All right kids, lights out
By Taylor Sullivan
tsulli21@mscd.edu

Happy January, everyone, and welcome back to school. It’s time to finally put down your Wii controllers, purge your New Year’s Eve hangover and forget all about the holidays.

Not so fast, Denver City and County Building. Stay right where you are. You have to stay lit up like the holiday-clown whore you are.

Apparently, as tradition has it, whoever is in charge of the holiday lights at the City and County Building must be a full-blooded redneck, procrastinating against taking down the lights until they get Federico Peña’s ’84 Trans-Am off of the cinder blocks in Civic Center Park.

So what is behind this post-holiday, call-the-tenants’-association-to-complain, city-wide embarrassment?

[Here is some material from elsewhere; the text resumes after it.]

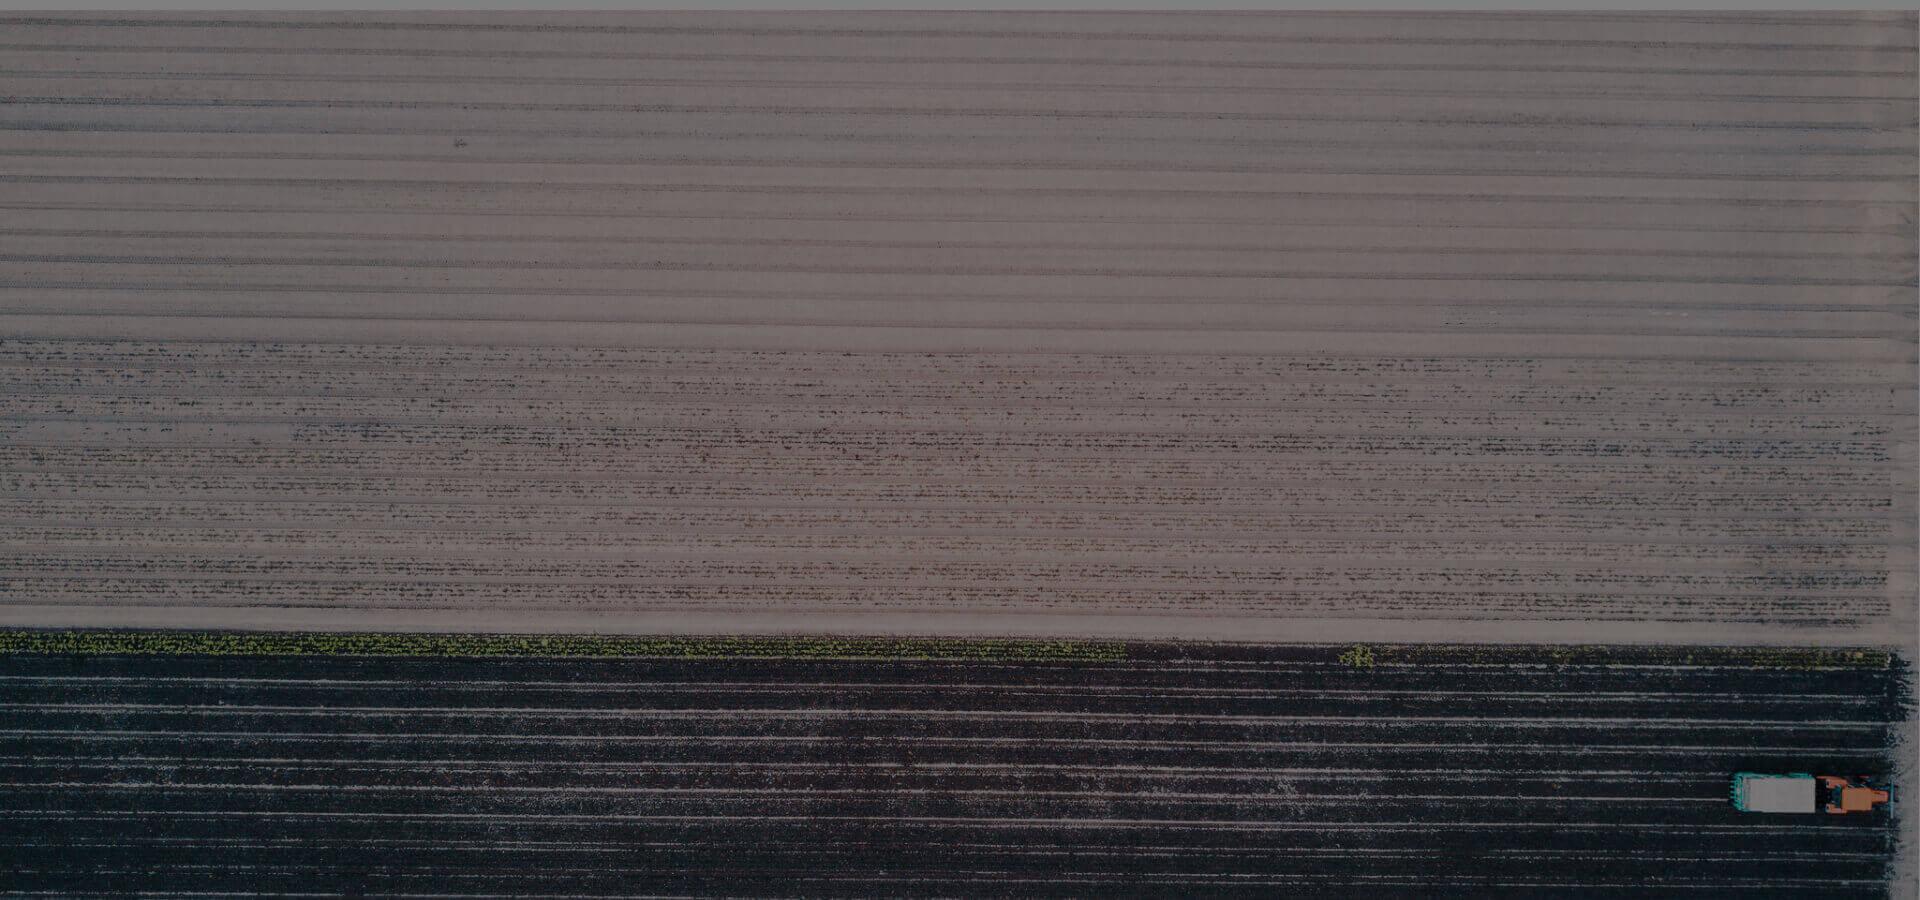 rolnictwo precyzyjne w Polsce zdjęcie dwóch pól z góry

According to Denvergov.org, it is a tradition to keep the holiday lights lit, not through the duration of the holiday season, but until the king of cow-town antics, the National Western Stock Show, leaves town. So shortly after the New Year’s Ball drops, the building changes from a holiday-clown whore to a rodeo-clown whore.


Illustration by Adam Goldstein goldstea@mscd.edu

Ahhh. Now it all makes sense. Red and green lights are an obvious representation of bull riding and funnel cake. And all the livestock from the nativity scene makes an easy transition into stock-show fare, with Joseph and the three wise men making excellent cowboys, and Santa standing in as a fine champion hog.

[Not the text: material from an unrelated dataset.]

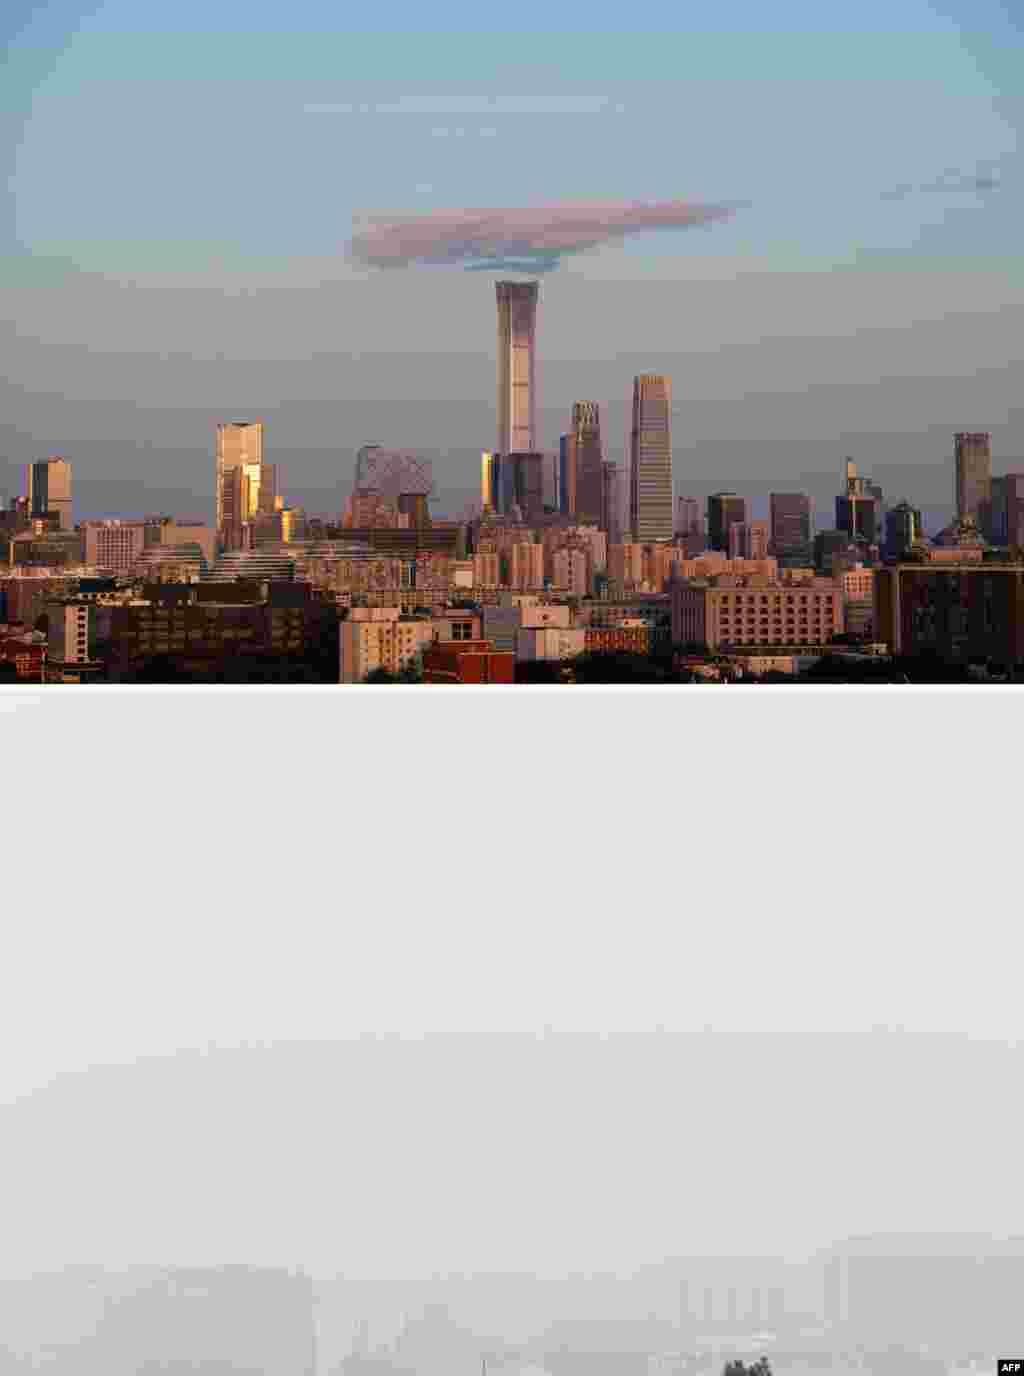 上图:2018年9月6日在北京景山公园拍摄的北京中央商务区。下图:在空气污染严重的2018年10月15日拍摄的同一场景,只在底部能依稀看到楼影。

Everyone with any sense in Denver is like the nagging wife in this situation, begging their lay-about husband Duane, the “Electronic Technician,” to take down the Christmas lights. Duane’s response? “Hold up, baby, right after the hog-tie competition. And bring me another Coors Light, will ya?”

Wake up, Denver. Duane is passed out on the couch, and Jerry Springer reruns are blaring on the tube. The other state capitals on the block are all laughing at us and telling their kids not to play in our yard.

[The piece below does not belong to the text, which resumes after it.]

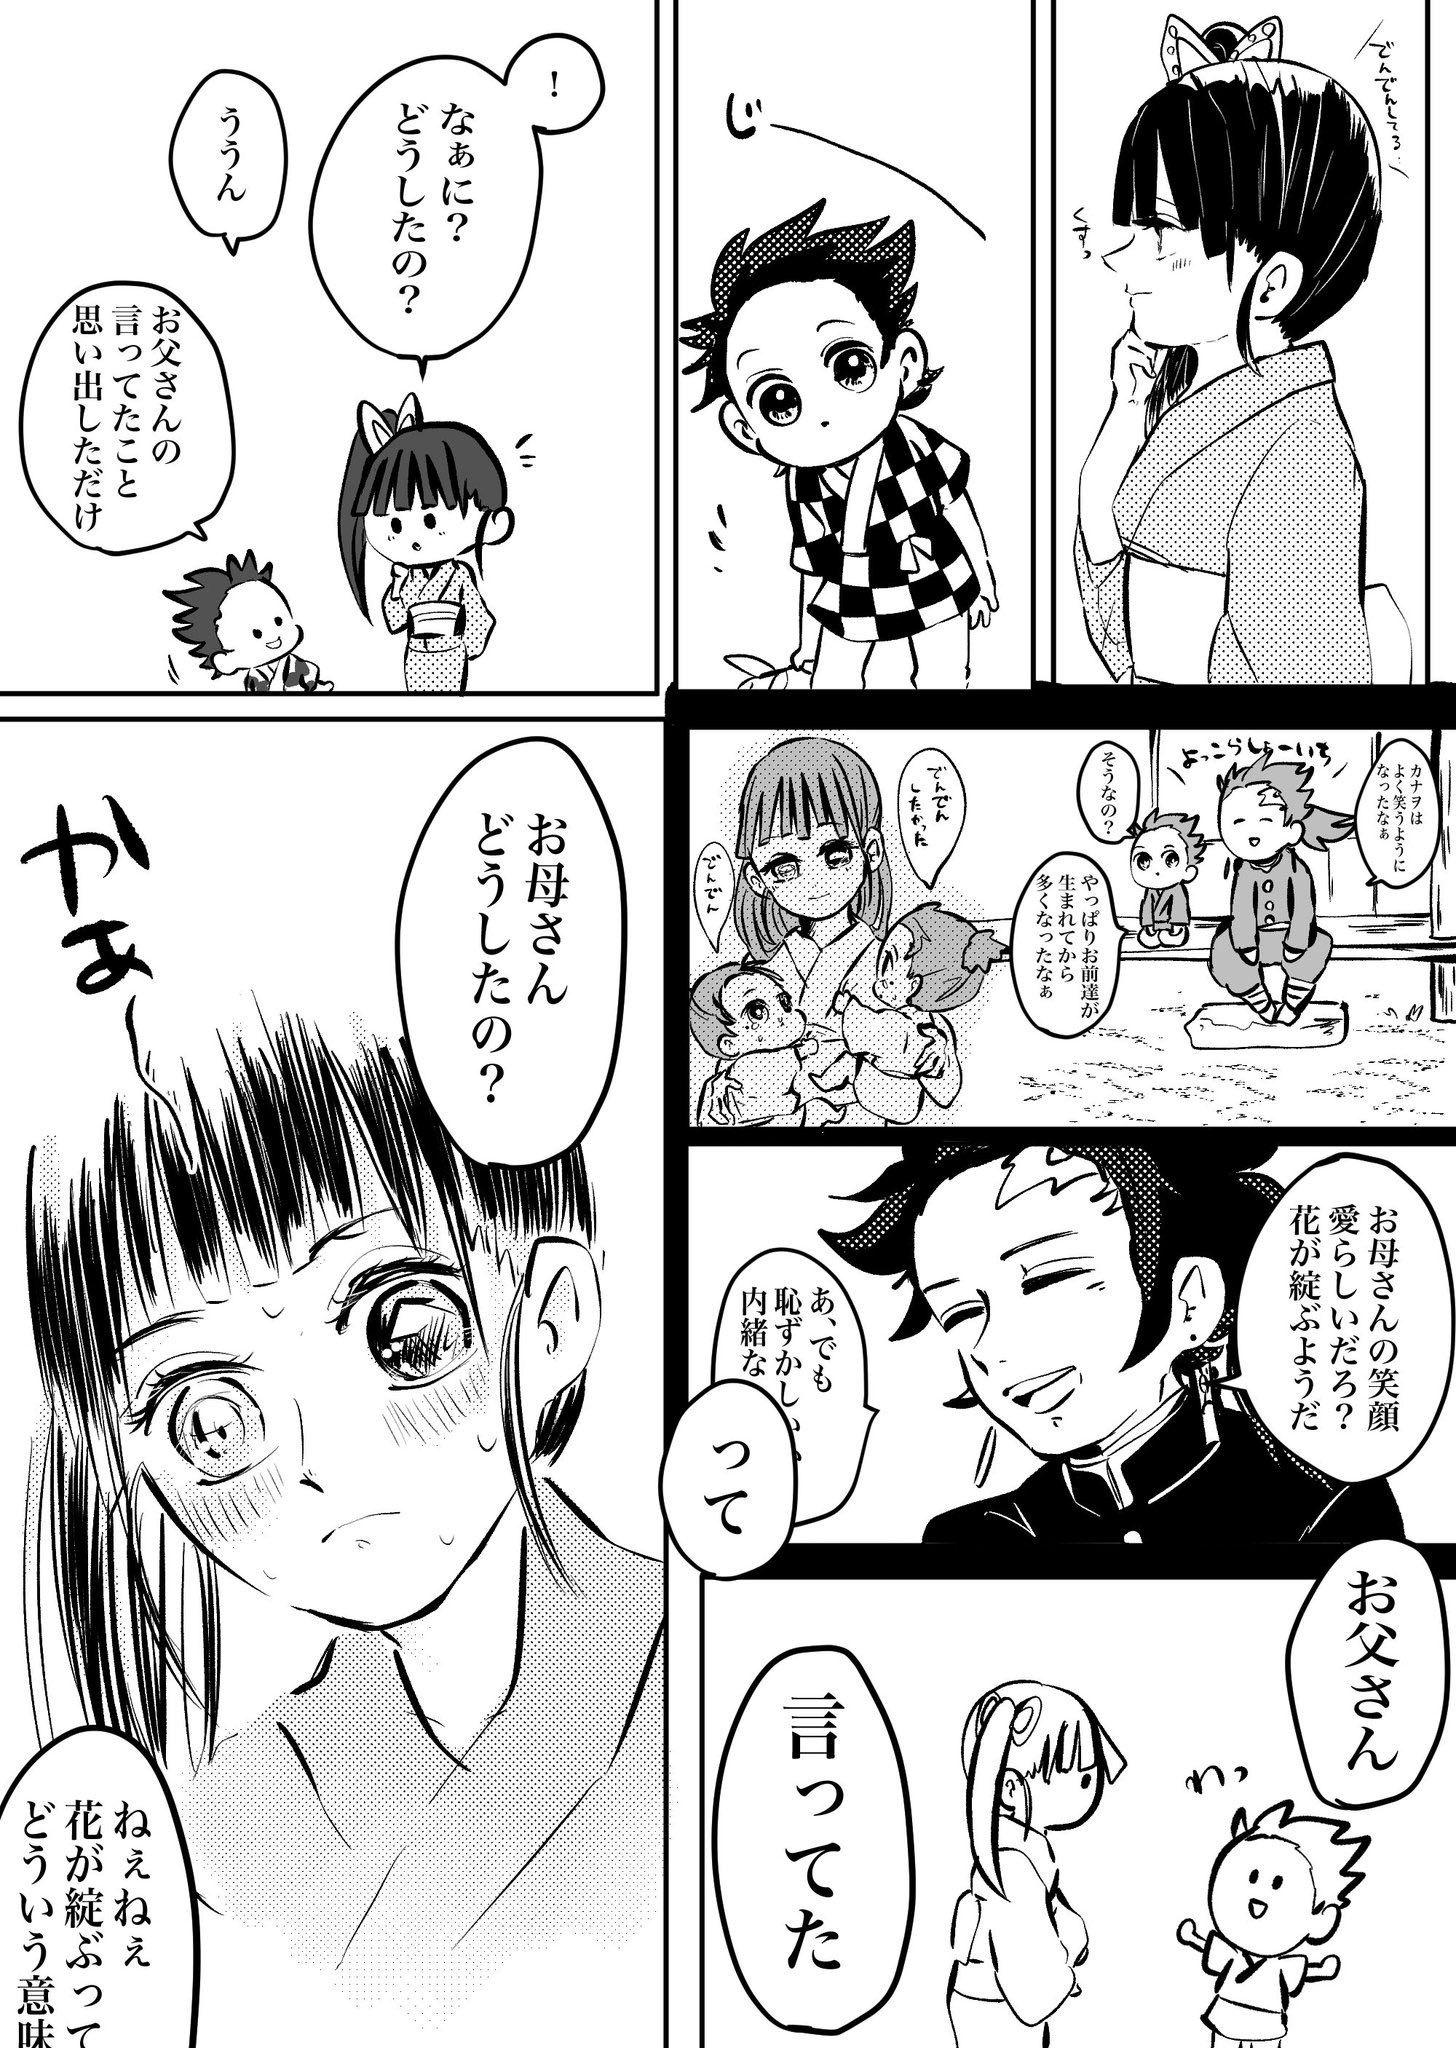 カナヲ 炭治郎 子孫

This extravagance wouldn’t be a problem if the displays at the City and County Building were tasteful. But seriously, a blind kindergarten class could do a classier job than the floodlight disaster that drowns the building every year. It looks like a prisoner is trying to escape lockup at the Fisher Price Penitentiary. And let’s be honest, they’re not holiday lights, they’re Christmas lights. Hello, baby Jesus? So why are they left up for the stock show? You’d have to ask the ghost of Buffalo Bill himself.

The only reason anyone comes to this town is because they expect an Old-West-style shootout to break out any minute, cowboys flying through the window of the corner saloon. And we wonder why! Maybe it’s the shining beacon that can be seen from space telling the whole world that Denver never left 1878, that we are frozen in time like a woolly mammoth from the ice age. We don’t even have cars here, just horses and carriages. No police, just the respect that comes at the end of a Winchester. In fact, you will probably find some gold just sitting in the street next to the South Platte. If you can’t find us, just follow the smell of cow manure and the holy lights of the West.

If Denver wanted to leave the lights on a little longer, the least they could do is come up with a better excuse, like Chinese New Year’s, or Presidents’ Day, or “I’ll do it next Saturday,” for God’s sake. Almost anything would be better than the National Western Stock Show, except maybe a clown whore. Anything is better than a clown whore.